Les brigades de gendarmerie, les offices du tourismes mettent à disposition gracieusement des brochures ou dépliants qui délivrent tous les conseils utiles à la bonne pratique montagnarde. Le site internet du PGHM de l’Ariège est un moyen d’information complémentaire.
Comment sont organisées les recherches?
La recherche des personnes égarées en montagne est très souvent complexe. Comme on vient de l’évoquer, tout dépend des objectifs et de l’itinéraire annoncés avant le départ par le randonneur, de sa faculté ensuite à se faire repérer. Le relief, l’étendue de la zone de disparition, la couverture végétale, la météorologie sont autant d’éléments qui contrarient l’opération de secours. Pour la mener à bien, faute d’éléments probants, il ne faut surtout pas élaborer d’hypothèses généralement établies sur des mauvais fondements, mais appliquer des principes opérationnels intangibles de manière à fermer toutes les portes : les cabanes et sentiers, leurs abords, les torrents et barres rocheuses en s’ éloignant progressivement du lieu de départ.
Les recherches sur le terrain
La recherche aérienne peut aboutir lorsque la météorologie permet le vol, à condition qu’il fasse encore jour, que la zone de disparition soit clairement identifiée et non boisée.

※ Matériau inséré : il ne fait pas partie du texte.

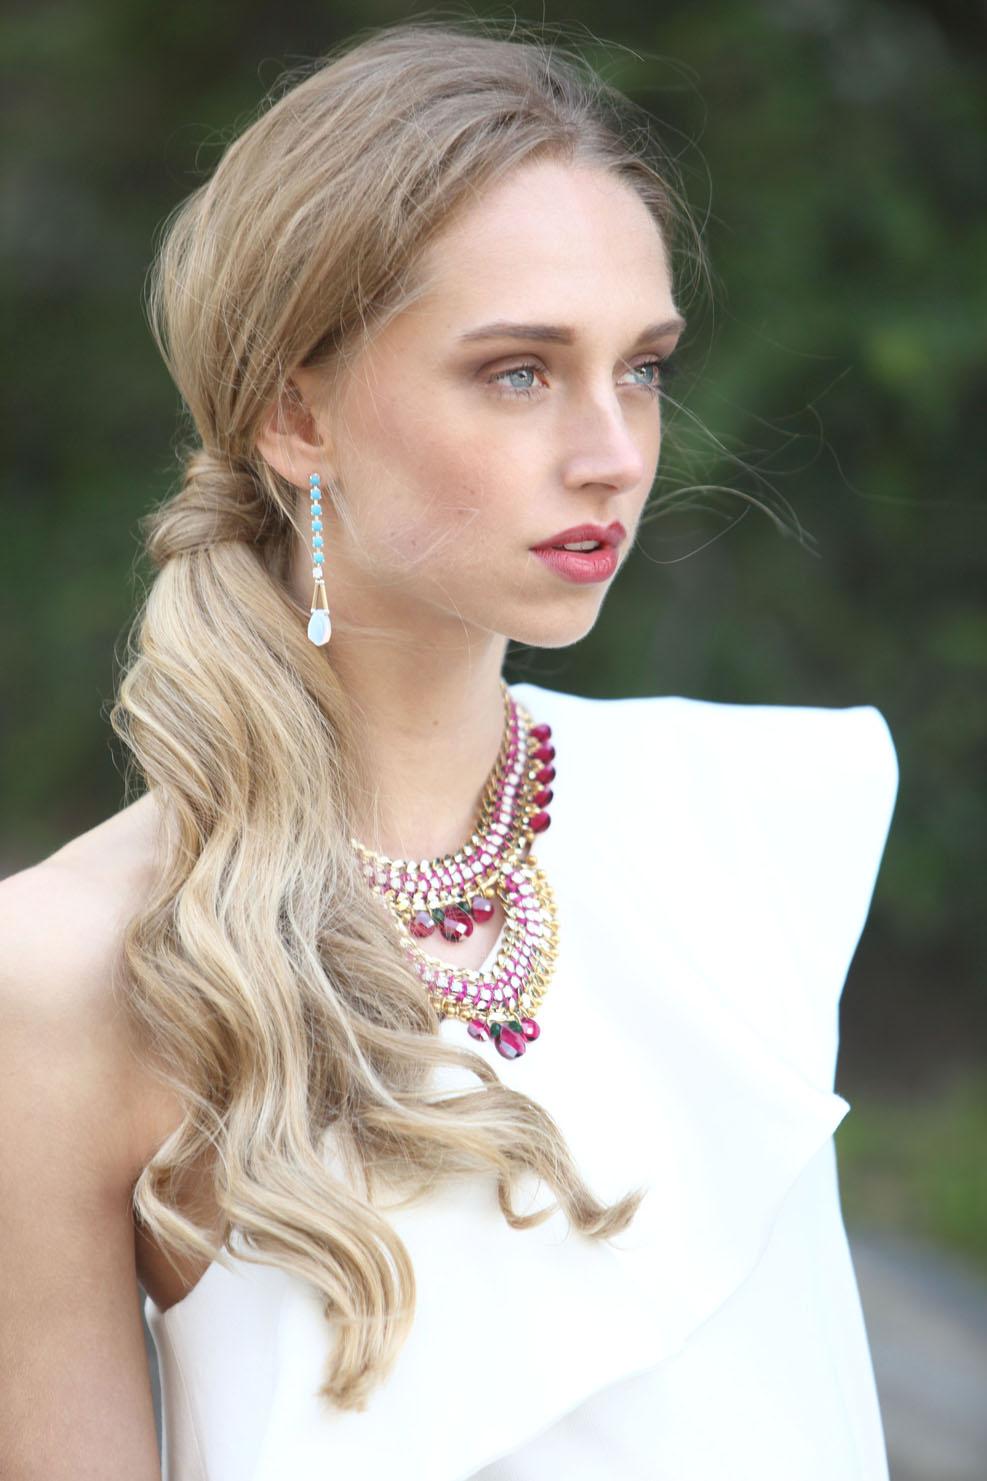 Diversión y halagos peinados modernos Colección de ideas de color de pelo - Moda Cabellos: Modernos Peinados de lado para fiestas - 2015

Il est primordial dans les premières heures d’engager un nombre important de sauveteurs, des chiens, un hélicoptère. La discipline des secouristes professionnels, gendarmes et pompiers est le meilleur gage de réussite. Il faut savoir voir ou entendre une personne en détresse sans détruire les éventuels indices rencontrés.

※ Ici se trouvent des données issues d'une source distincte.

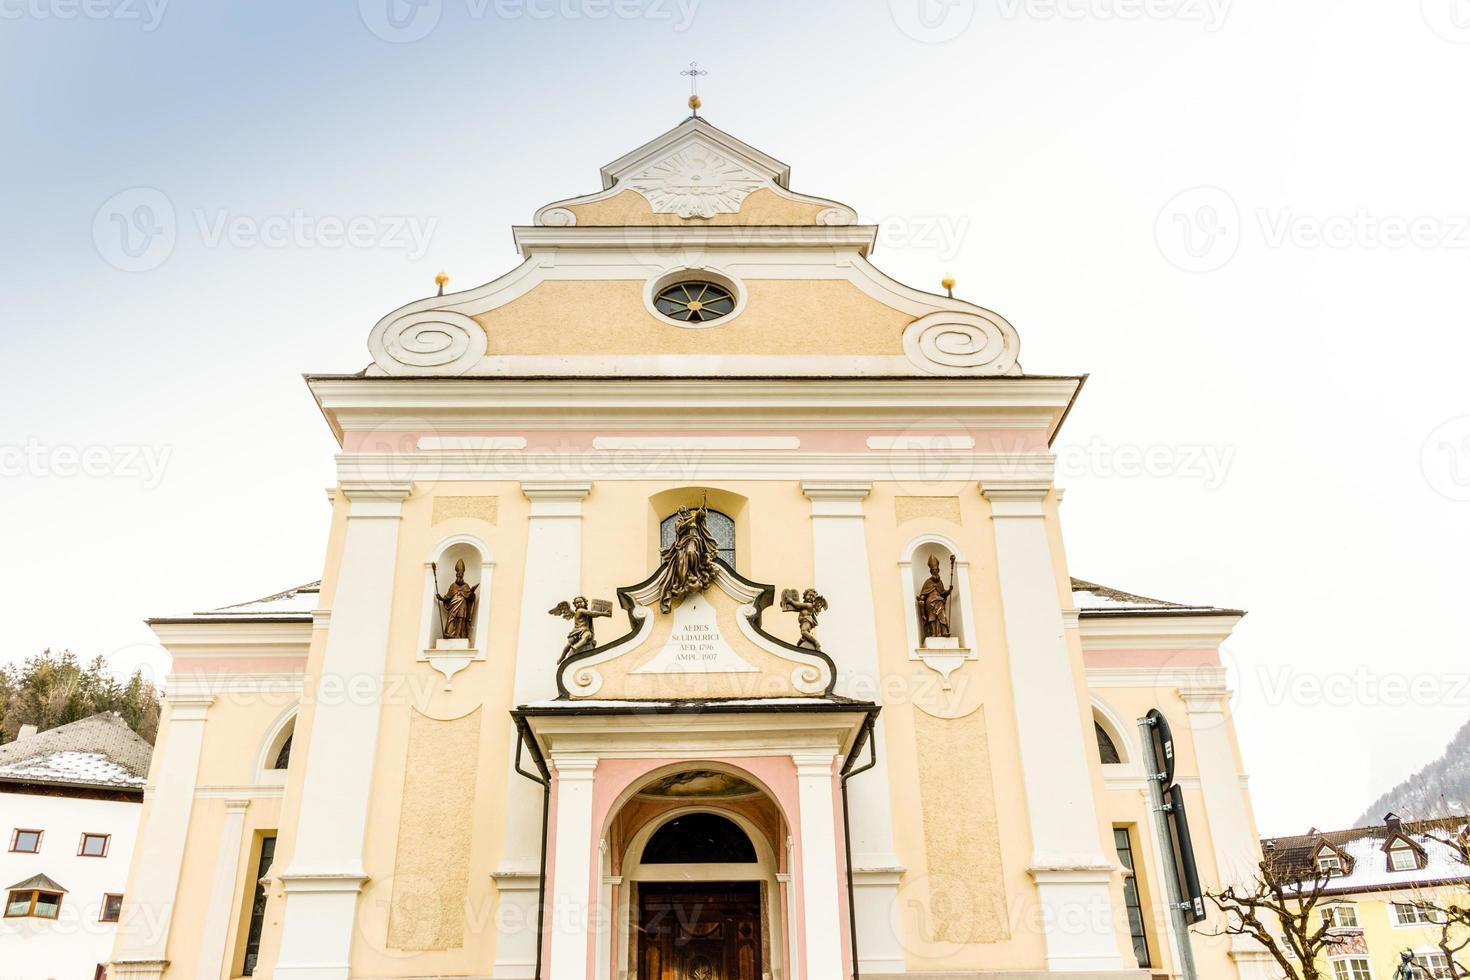 Facade of Catholic Parish Church in Dolomites photo

Faute de résultats dans le secteur probable de disparition, il faut prendre dans les jours qui suivent suffisamment de recul pour donner des coups de sonde ( appels et observation) dans les lieux plus éloignés, les vallées adjacentes, les crêtes, rivières et lacs qui pourraient avoir été atteints.
Les spécialistes du secours en montagne scrutent alors les endroits les plus accidentogènes, barres rocheuses, cascades… Dans les espaces à relief complexe, l’expérience en montagne a toujours démontré que la mise en place d’un dispositif lourd, composé de professionnels et de bénévoles en nombre conséquent n’avait jamais eu les résultats escomptés. Au contraire, le risque d’accident est fortement augmenté. Combien de fois, avons nous eu des regrets de découvrir tardivement des restes humains dans les endroits que nous avions déjà visités ? Quelles en sont les raisons? Tout simplement, un défaut d’alignement dans la vague de ratissage, quelques secondes d’inattention , le contournement des obstacles alors qu’il s’agit plutôt de les affronter, le découragement et le manque d’entraînement qui ne compensent pas la bonne volonté montagnarde qui anime tous nos partenaires de la dernière chance. Ne s’étant pas manifesté, dissimulé par un repli de terrain, notre randonneur n’a pas été vu. Il faudra y revenir!!!
L’ enquête judiciaire
Parallèlement à l’opération de secours, la gendarmerie poursuit des investigations auprès de sa famille , de ses amis, à son domicile auprès de son service de téléphonie, de sa banque, à son domicile, dans les gares, et en tout autre lieu où un signe de vie pourrait orienter de nouvelles recherches. Cette procédure judiciaire s’inscrit dans le durée car on ne peut exclure qu’une personne ait souffert d’amnésie ou ait voulu disparaître de son propre chef. Le cas est extrêmement fréquent en France.
Et les proches?
Bien souvent désarmés, ignorant l’essentiel du milieu montagnard et de ses contraintes, ils espèrent bien au delà du raisonnable et ne comprennent pas que l’ on ne trouve pas tout de suite. Les marins s’y résignent, pas les montagnards. Nous espérons tous rendre un corps à sa famille, et ne baissons jamais les bras, même si nous comptons aussi sur la facteur chance, et la découverte fortuite par un chasseur, randonneur , berger…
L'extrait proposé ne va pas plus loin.